[Aim of the exercise]: Could you restate the whole listing below word for word, minus the pictures?

[Input data]:
####################

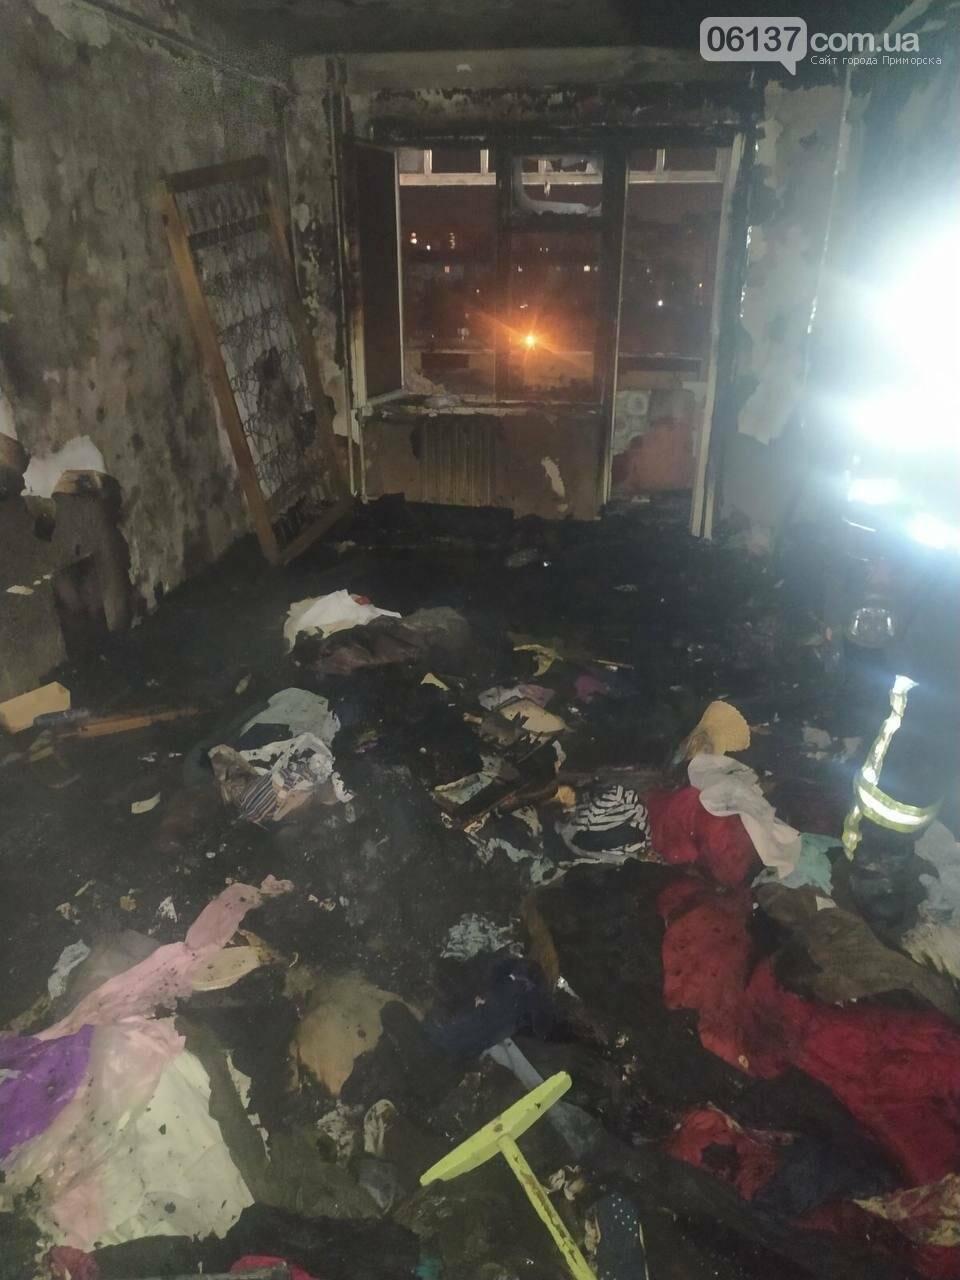 В Запорожье горела девятиэтажка: пострадали люди, фото-1
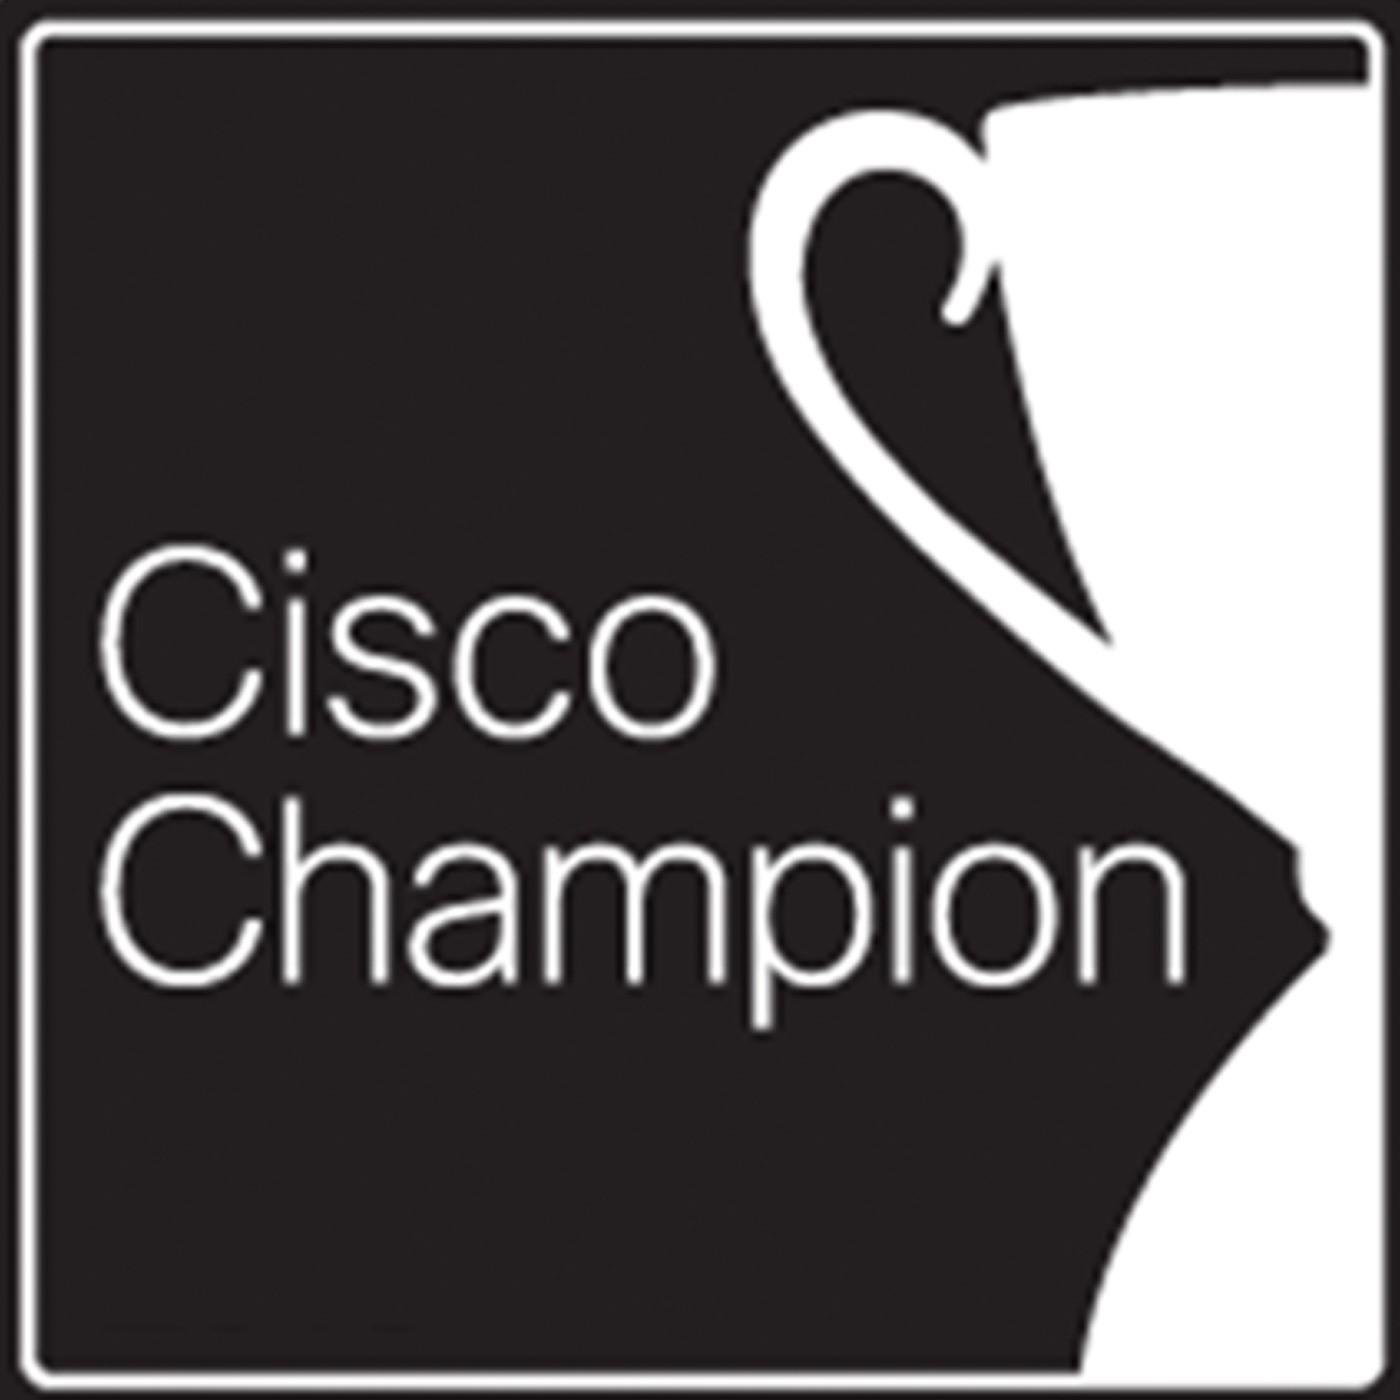 Cisco Champion icon
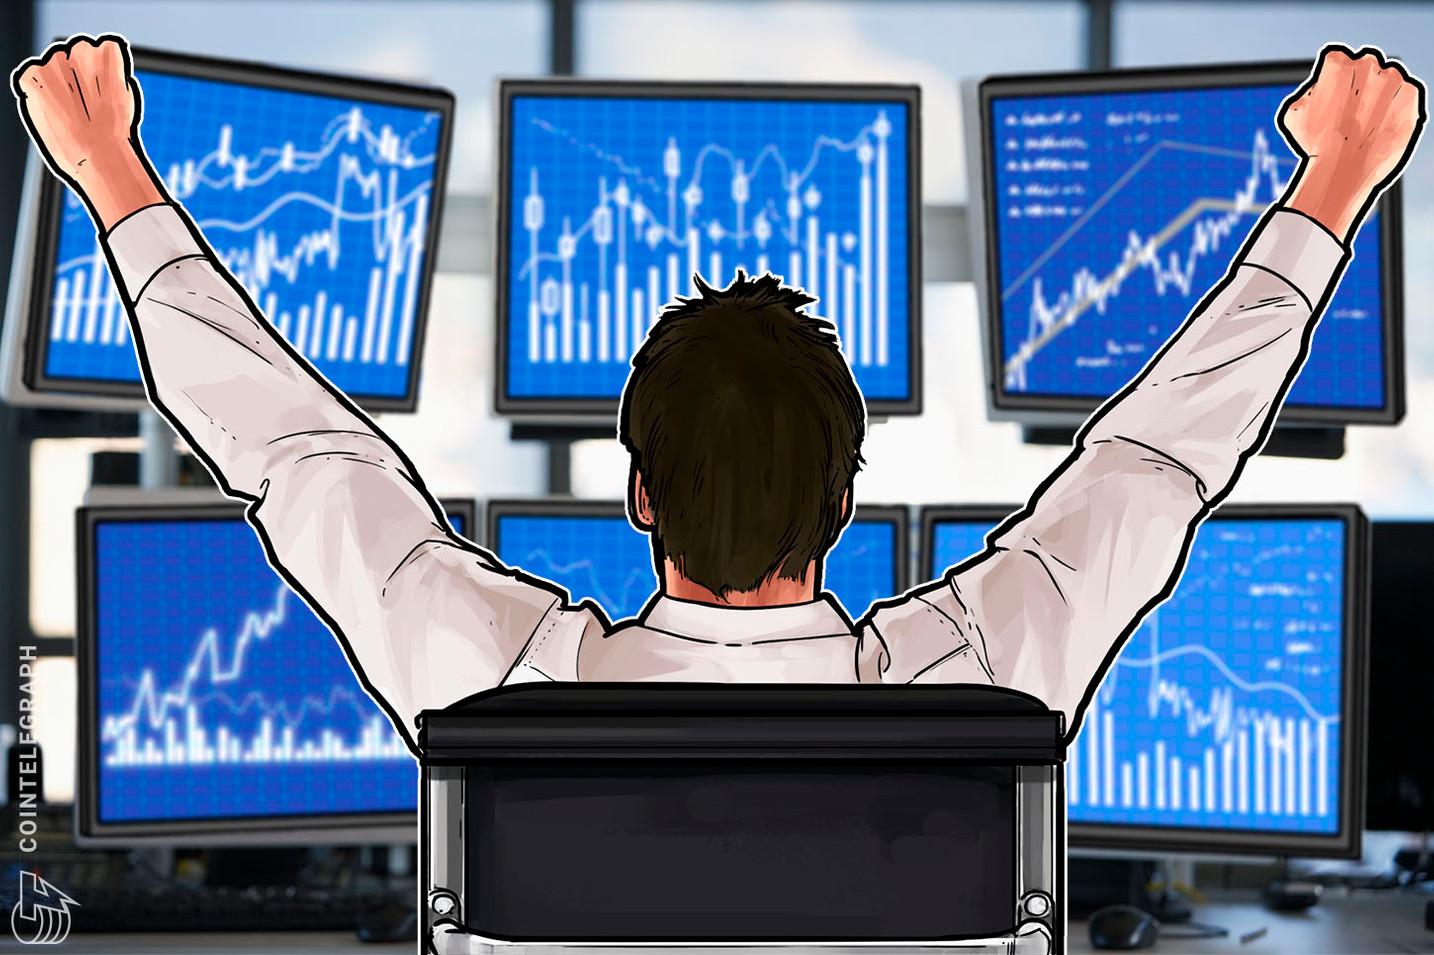 Crypto Broker AG startet ersten automatischen Schweizer Nonstop-Handel für Krypto-Assets

####################

[Reply to the task]:
 В Запорожье горела девятиэтажка: пострадали люди, фото-1
 Cisco Champion icon
 Crypto Broker AG startet ersten automatischen Schweizer Nonstop-Handel für Krypto-Assets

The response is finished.